## prep

Read the Terms of Service

https://regulationsgov.github.io/developers/terms/

Step 1: request an API key

https://regulationsgov.github.io/developers/key/

Assign the key as a quoted string called `API_KEY`.

In [1]:
API_KEY = 'your api key here'

## search for documents

Regulations.gov publishes three separate APIs for retrieving data. [Full documentation is here](http://regulationsgov.github.io/developers/console/#!/documents.json/documents_get_0)

`documents.json`: search across all of regulations.gov for documents.

`document.json`: retrieve specific metadata about a single document using the FDMS Document ID.

`docket.json`: retrieve specific metadata about a single docket using the Docket ID.

We'll begin by preparing a request to the `documents.json` API. The minimum required payload is the `'api_key'` and the search term `'s'`.

In [2]:
big_search_url = 'https://api.data.gov/regulations/v3/documents.json'

search_payload = {
    'api_key': API_KEY,
    's':"benzene"
}

The json() portion of the response is a dictionary with two keys.

In [6]:
import requests
response = requests.get(big_search_url, params=search_payload)
documents = response.json()
documents.keys()

dict_keys(['documents', 'totalNumRecords'])

In [7]:
total_records = documents['totalNumRecords']
total_records

31062

*This is the total number of documents available on regulations.gov.*

You can confirm this number at the following link, which searches for *all* documents relating to `'python'`.

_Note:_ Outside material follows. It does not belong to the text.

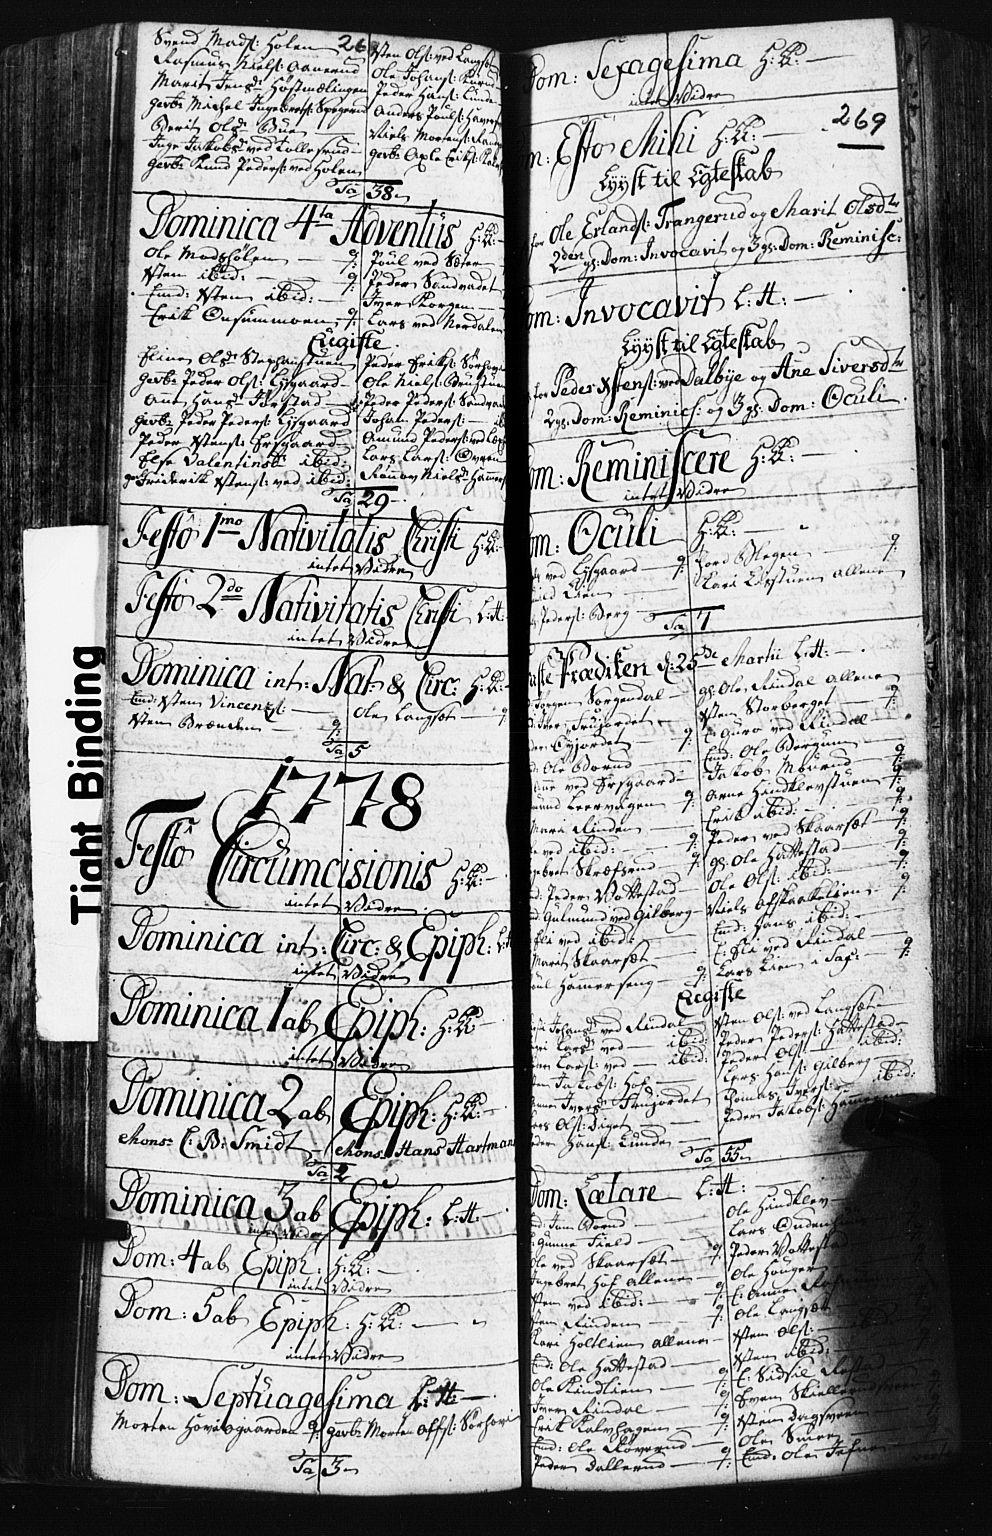 SAH, Fåberg prestekontor, Klokkerbok nr. 3, 1768-1796, s. 268-269

https://www.regulations.gov/searchResults?rpp=25&po=0&s=python

The `'totalNumRecords'` is different from the number of documents we got in this response because the API will only return 25 items at a time by default.

In [8]:
these_documents = documents['documents']
type(these_documents)

list

In [9]:
len(these_documents)

25

Here's the first entry. Pay attention to the `'documentId'` field. We'll use it later.

In [10]:
these_documents[0]

{'agencyAcronym': 'EPA',
 'allowLateComment': False,
 'attachmentCount': 0,
 'commentDueDate': None,
 'commentStartDate': None,
 'docketId': 'EPA-HQ-SFUND-1989-0005',
 'docketTitle': 'Reportable Quantity Adjustments Final Rule for Carcinogens; Proposed Rule 54 FR 33418 (8/14/89)',
 'docketType': 'Rulemaking',
 'documentId': 'EPA-HQ-SFUND-1989-0005-0314',
 'documentStatus': 'Posted',
 'documentType': 'Supporting & Related Material',
 'numberOfCommentsReceived': 0,
 'openForComment': False,
 'postedDate': '2017-04-05T00:00:00-04:00',
 'rin': 'Not Assigned',
 'summary': "Document Contents : ...y 1QR3 Agency ' svEPA Research and %%-iS-^ Development REPORTABLE QUANTITY DOCUMENT FOR <endeca_term>BENZENE</endeca_term>. PENTACHLORONITRO- Prepared for OFFICE OF SOLID WASTE AND EMERGENCY RESPONSE Prepared by...",
 'title': 'Research and Development Reportable Quality Document for Benzene, Pentachloronitrobenzene (82-68-8]  [102RQ-273C-3-1'}

## retrieve all records

Let's use the above search and retrieve only finalized rules 

To do this we need to do two things:
1. Set the document type `'dct='FR'` parameter.
2. Iteratively update the `'po'` (page number) parameter, starting at zero, until all documents are found.

In [11]:
search_payload['dct'] = 'FR'
response = requests.get(big_search_url, params=search_payload)
total_records = response.json()['totalNumRecords']
total_records

469

In [13]:
# collect all list-of-documents here
found_documents = []

#initialize the page number
search_payload['po'] = 0

while len(found_documents) < total_records:
    response = requests.get(big_search_url, params=search_payload)
    
    # docs is a list
    docs = response.json()['documents']
    # stitch all of the items on the larger list
    found_documents.extend(docs)
    
    # increment the page number
    search_payload['po'] += 1

We actually ended up with more records then we thought.

In [14]:
len(found_documents)

475

## retrieve more specific information

For each document let's try to find the link to the PDF. To do this we'll need to make a separate request to the `document.json` API using the `documentId` we found earlier.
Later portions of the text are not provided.